Methods: Using clinical data from 1,028 SVR patients, we developed an HCC prediction model using a random survival forest (RSF). Model performance was assessed using Harrel's c-index and validated in an independent cohort of 737 SVR patients. Shapley additive explanation (SHAP) facilitated feature quantification, whereas optimal cutoffs were determined using maximally selected rank statistics. We used Kaplan-Meier analysis to compare cumulative HCC incidence between risk groups.

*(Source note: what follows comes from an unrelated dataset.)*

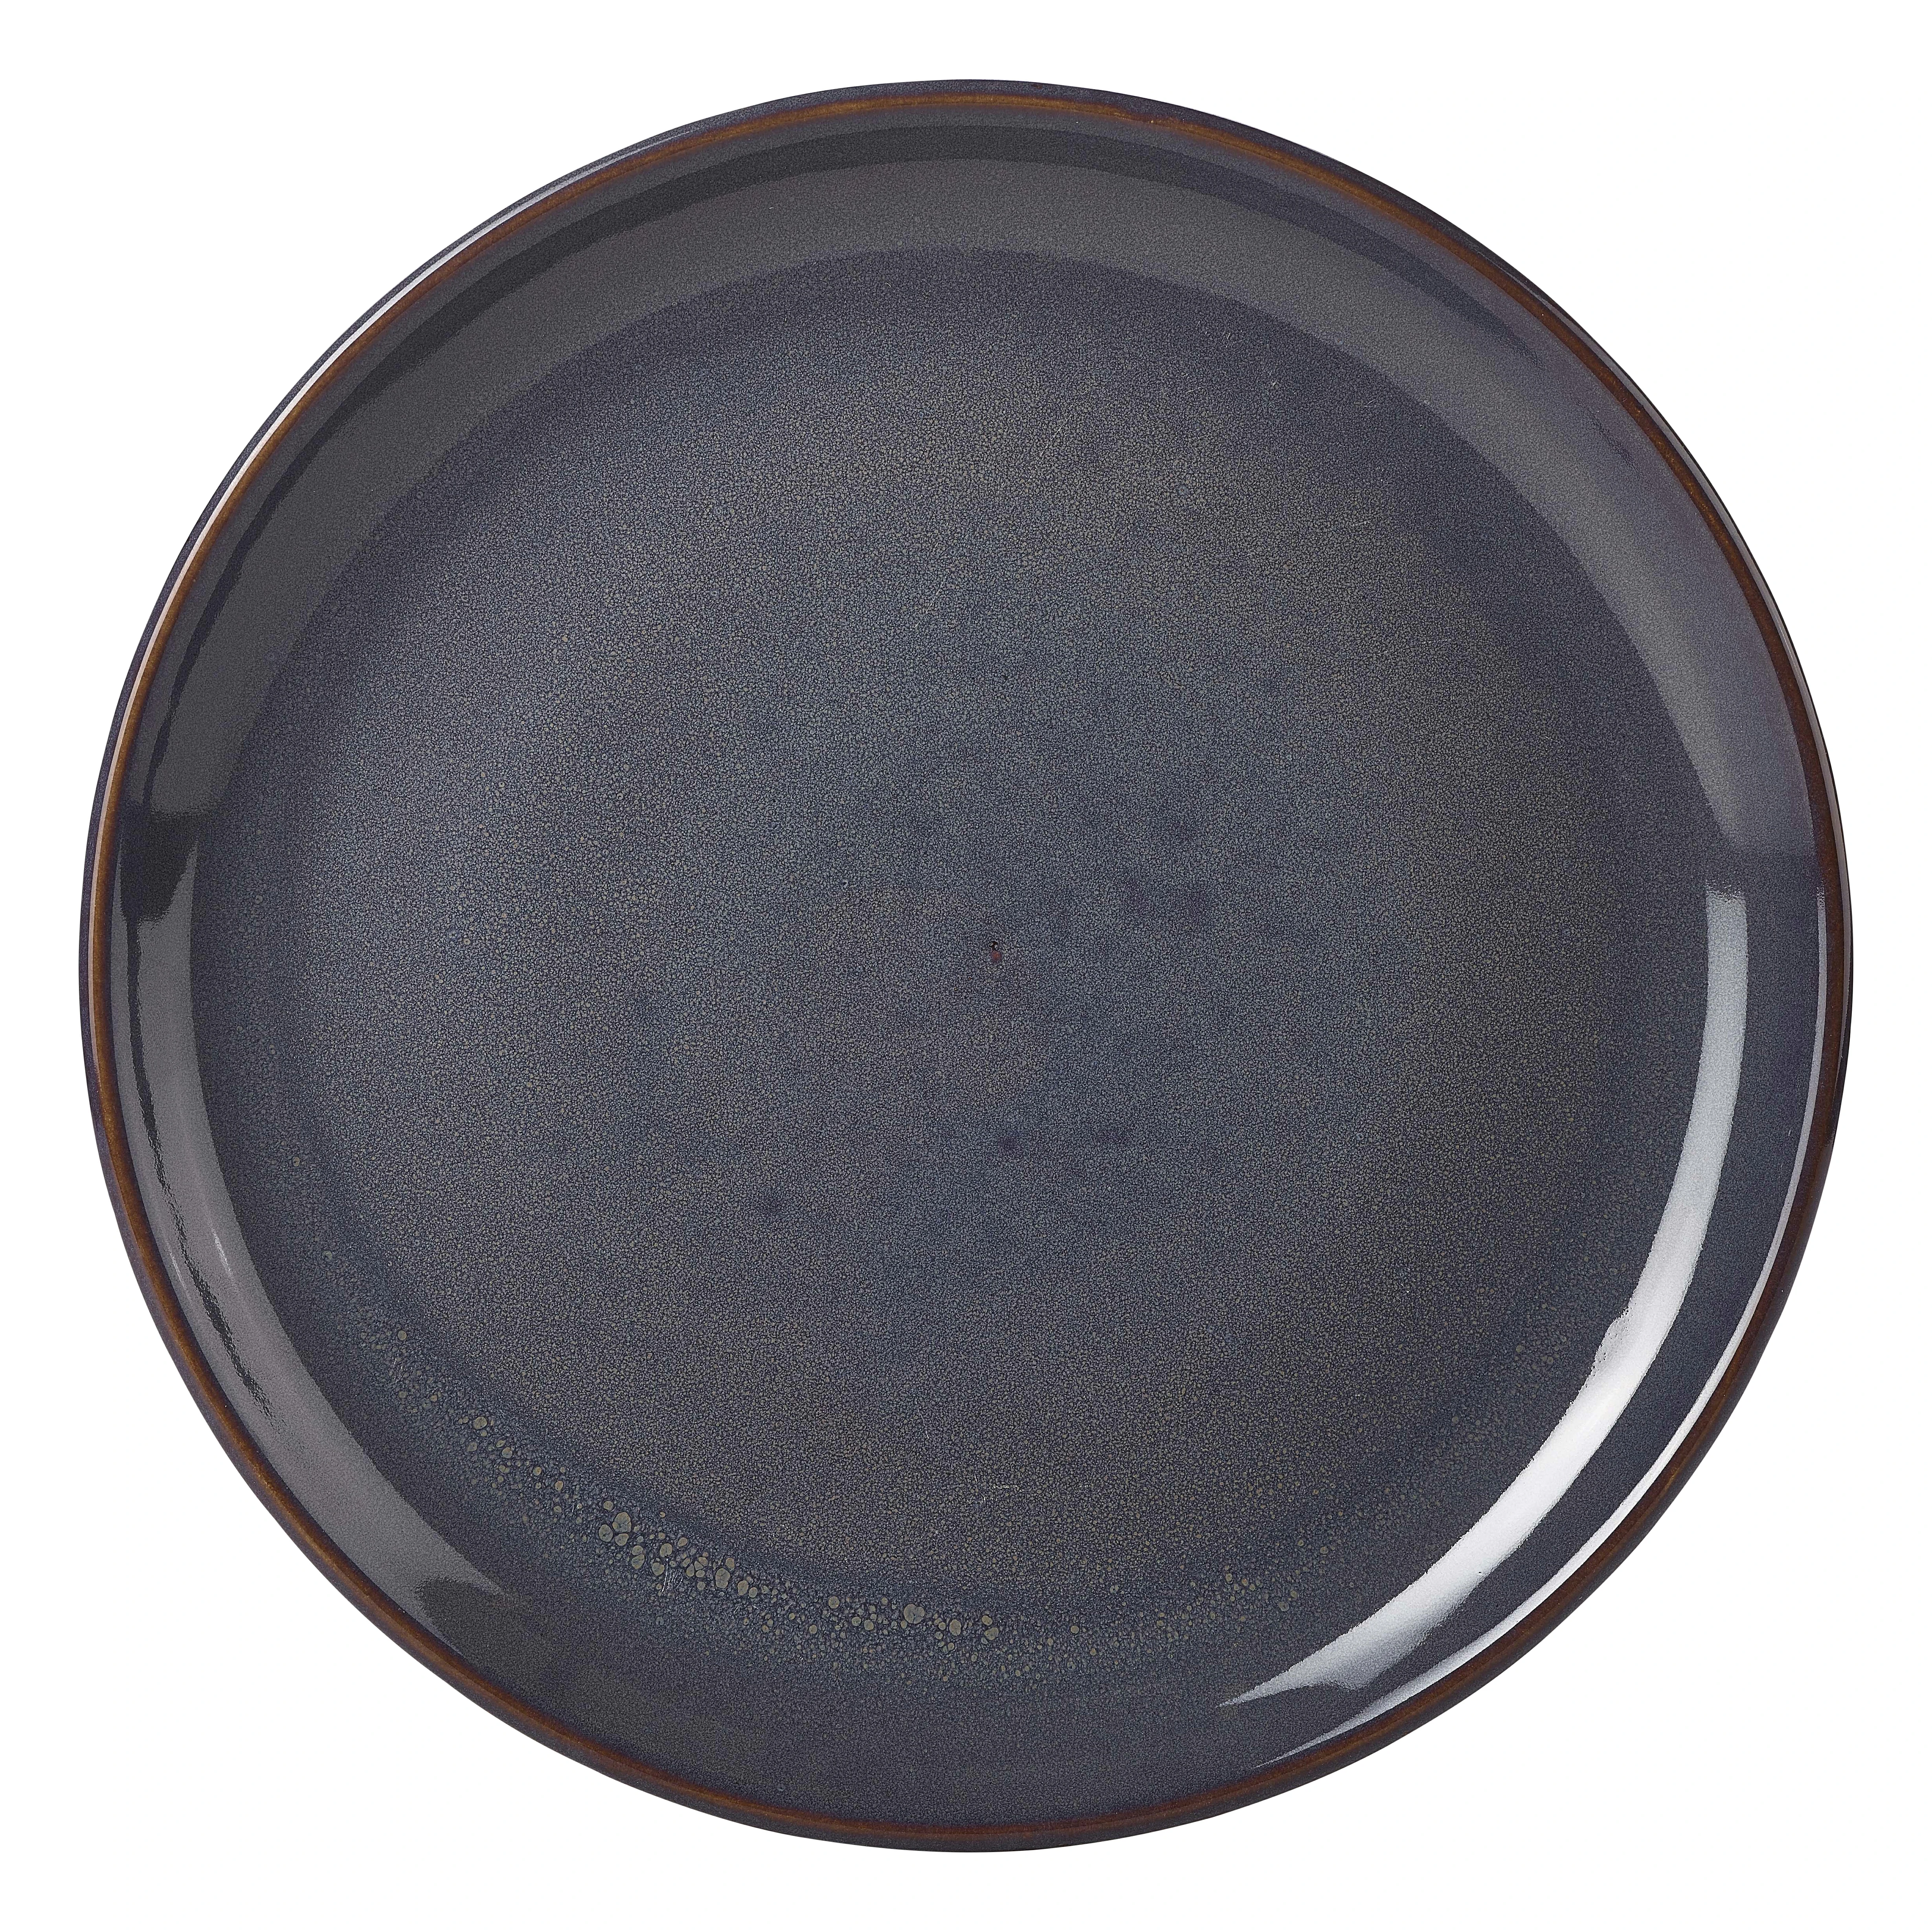 Terra Stoneware Rustic Blue Coupe Plate 19cm

Results: We achieved c-index scores and 95% CIs of 0.90 (0.85 to 0.94) and 0.80 (0.74 to 0.85) in the derivation and validation cohorts, respectively, in a model using platelet count, gamma-glutamyl transpeptidase, sex, age, and ALT. Stratification resulted in four risk groups: low, intermediate, high, and very high. The 5-year cumulative HCC incidence rates and 95% CIs for these groups were as follows: derivation: 0% (0 to 0), 3.8% (0.6 to 6.8), 26.2% (17.2 to 34.3), and 54.2% (20.2 to 73.7), respectively, and validation: 0.7% (0 to 1.6), 7.1% (2.7 to 11.3), 5.2% (0 to 10.8), and 28.6% (0 to 55.3), respectively.
Conclusion: The integration of RSF and SHAP enabled accurate HCC risk classification after SVR, which may facilitate individualized HCC screening strategies and more cost-effective care.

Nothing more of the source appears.